The data:
[Start of Attachment]

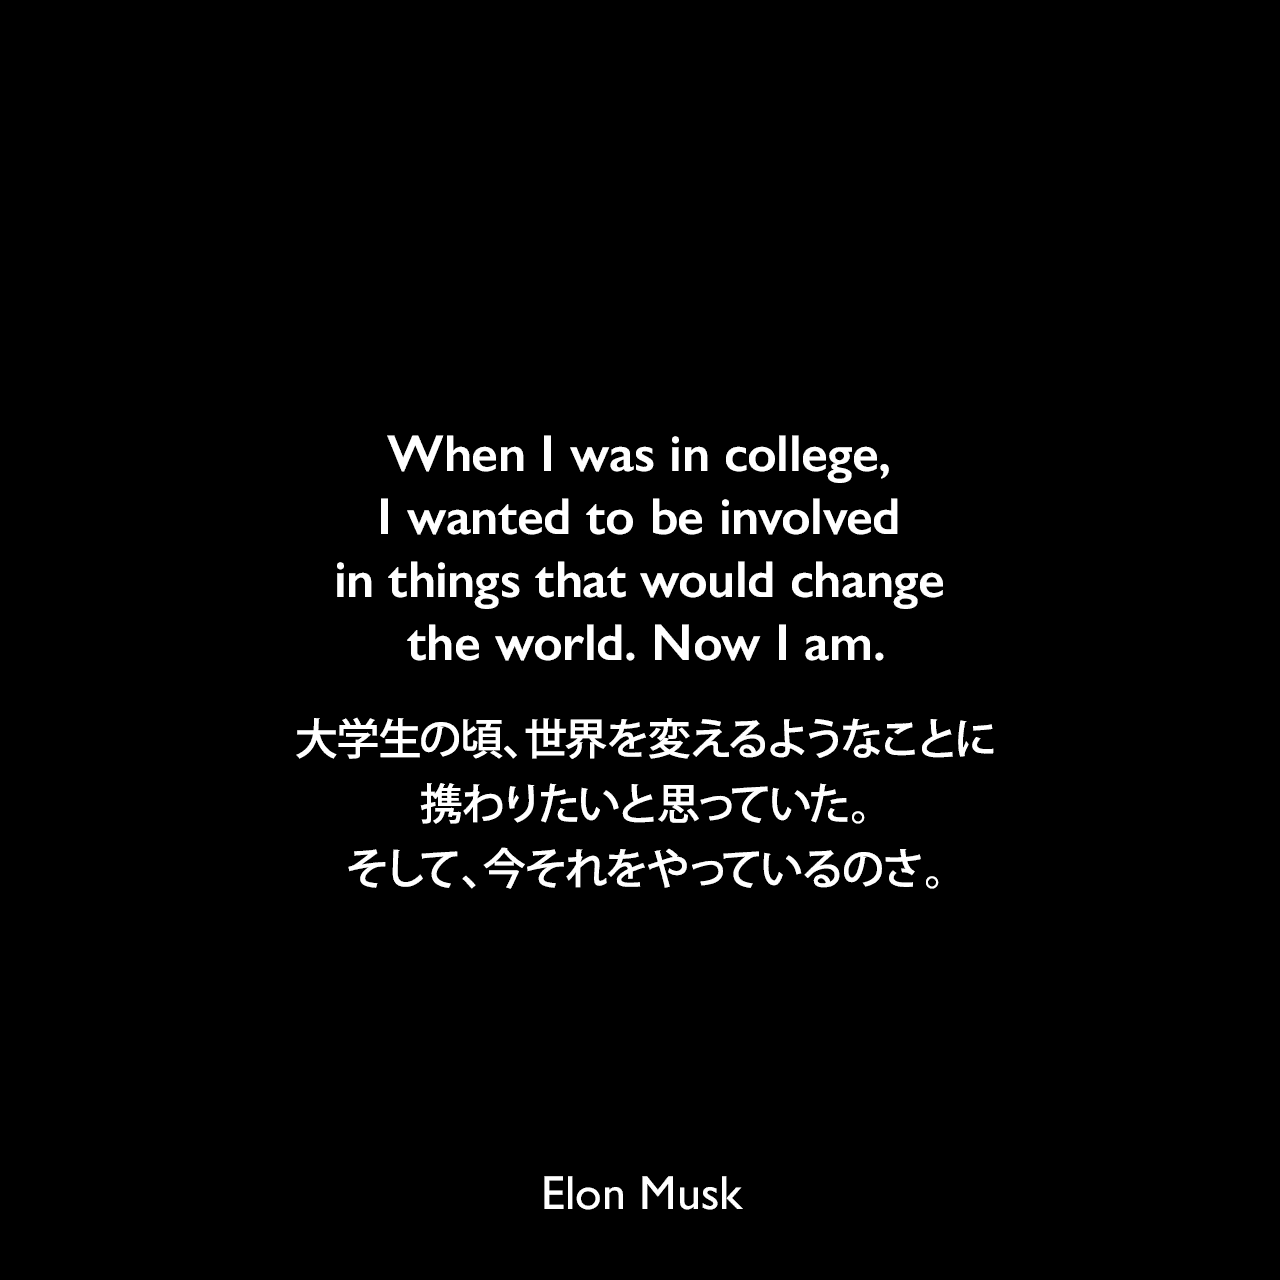 When I was in college, I wanted to be involved in things that would change the world. Now I am.大学生の頃、世界を変えるようなことに携わりたいと思っていた。そして、今それをやっているのさ。Elon Musk
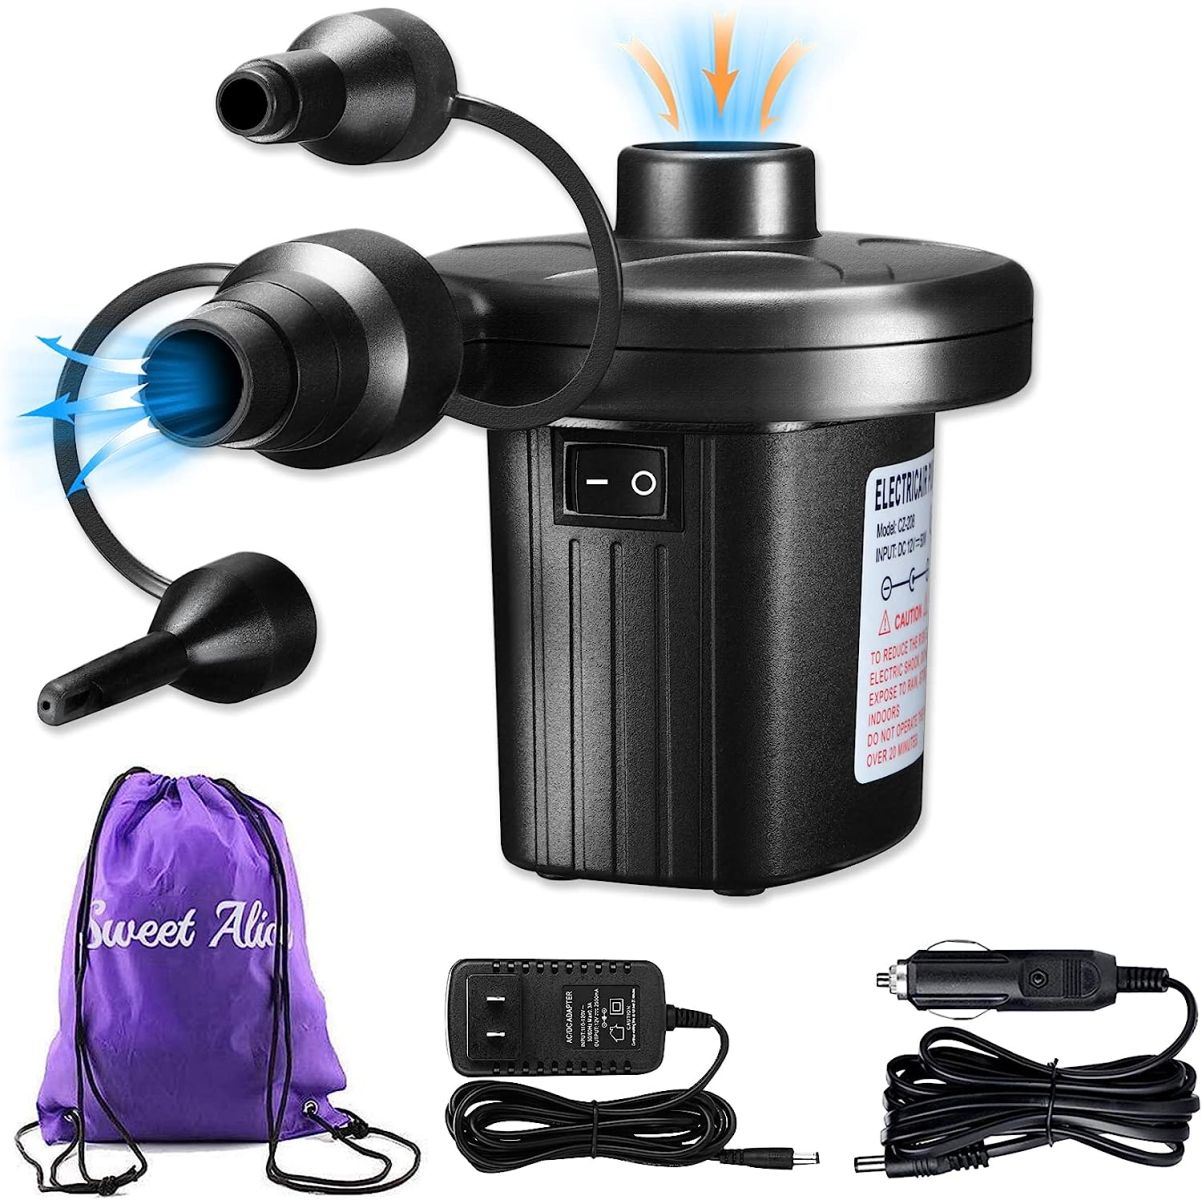 Electric Air Pump, 110V AC/12V DC Portable Air Mattress Pump Two-Way Universal Inflator Electric Pump for Inflatables Pool, Airbeds, etc with 3 Nozzles and 1 Storage Bag
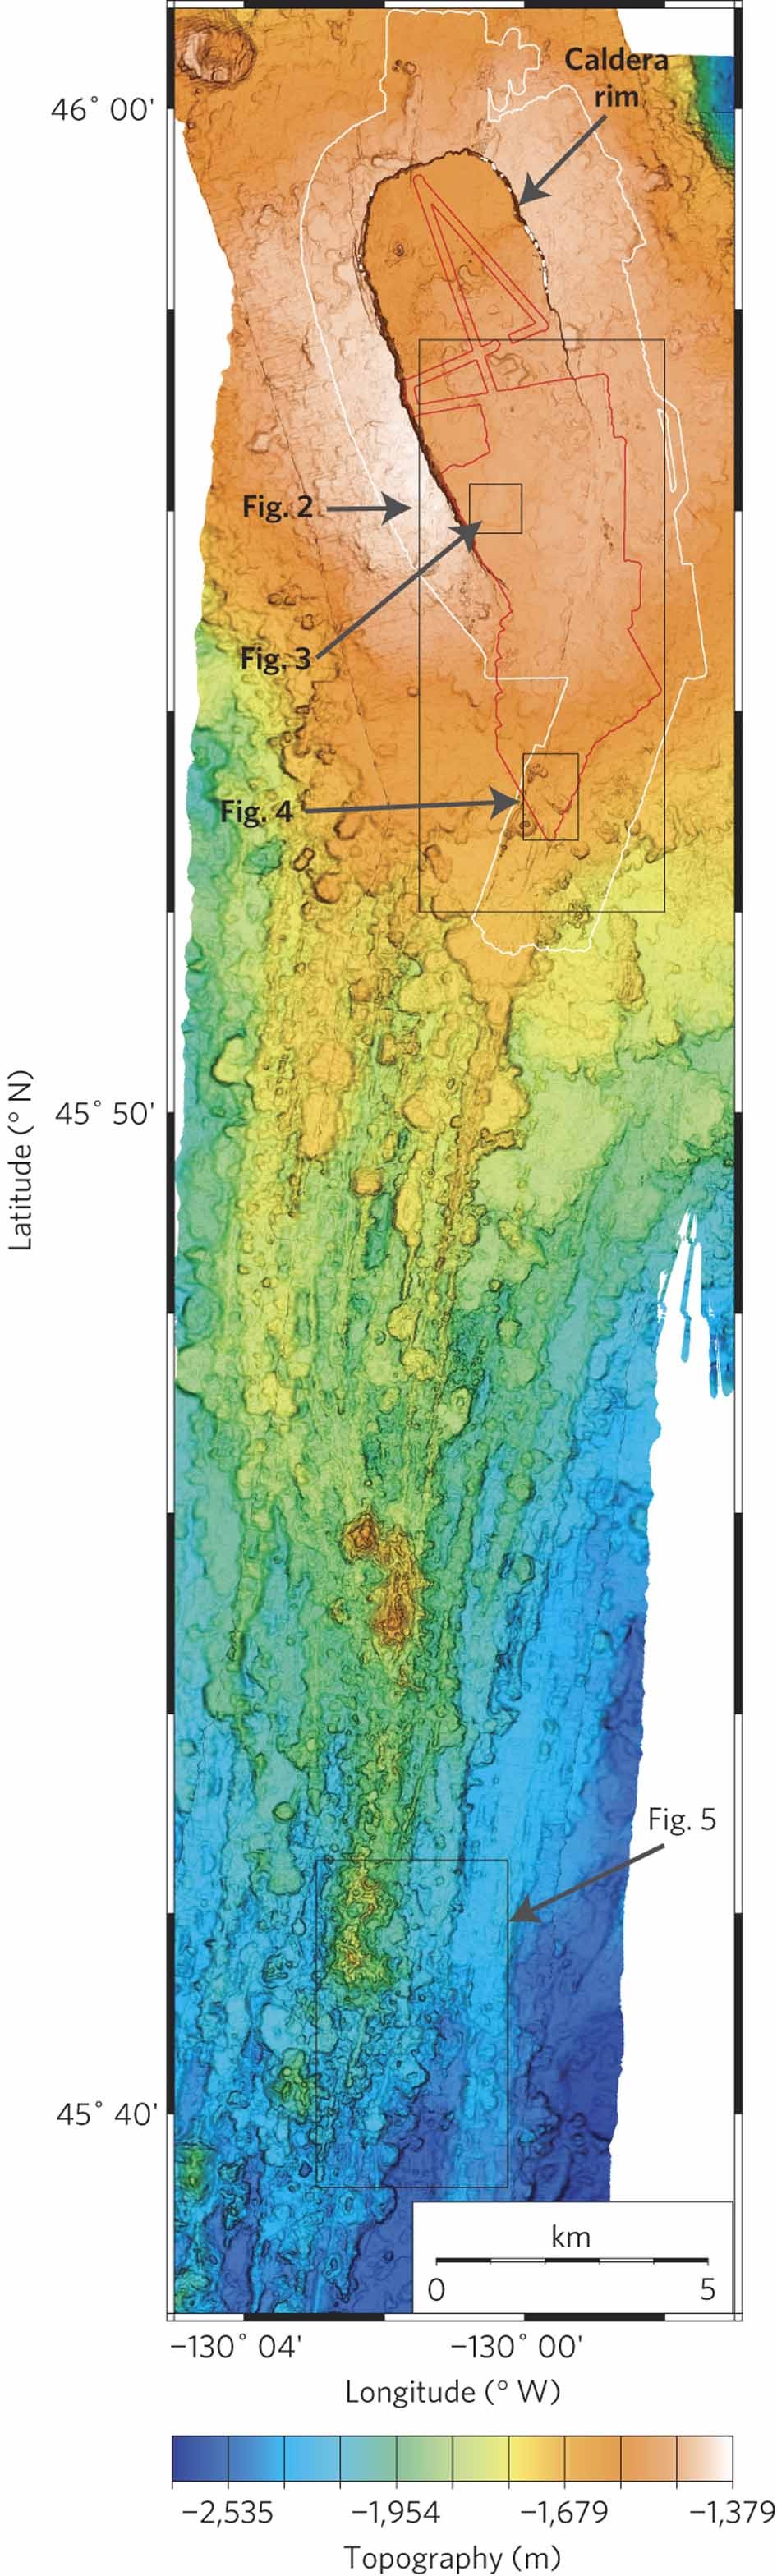 Repeat Bathymetric Surveys At 1 Metre Resolution Of Lava Flows Erupted At Axial Seamount In April 11 Nature Geoscience

[End of Attachment]

Description of the task: The copy must match the listing above exactly, except that it holds no pictures.

Solution for this task:
 When I was in college, I wanted to be involved in things that would change the world. Now I am.大学生の頃、世界を変えるようなことに携わりたいと思っていた。そして、今それをやっているのさ。Elon Musk
 Electric Air Pump, 110V AC/12V DC Portable Air Mattress Pump Two-Way Universal Inflator Electric Pump for Inflatables Pool, Airbeds, etc with 3 Nozzles and 1 Storage Bag
 Repeat Bathymetric Surveys At 1 Metre Resolution Of Lava Flows Erupted At Axial Seamount In April 11 Nature Geoscience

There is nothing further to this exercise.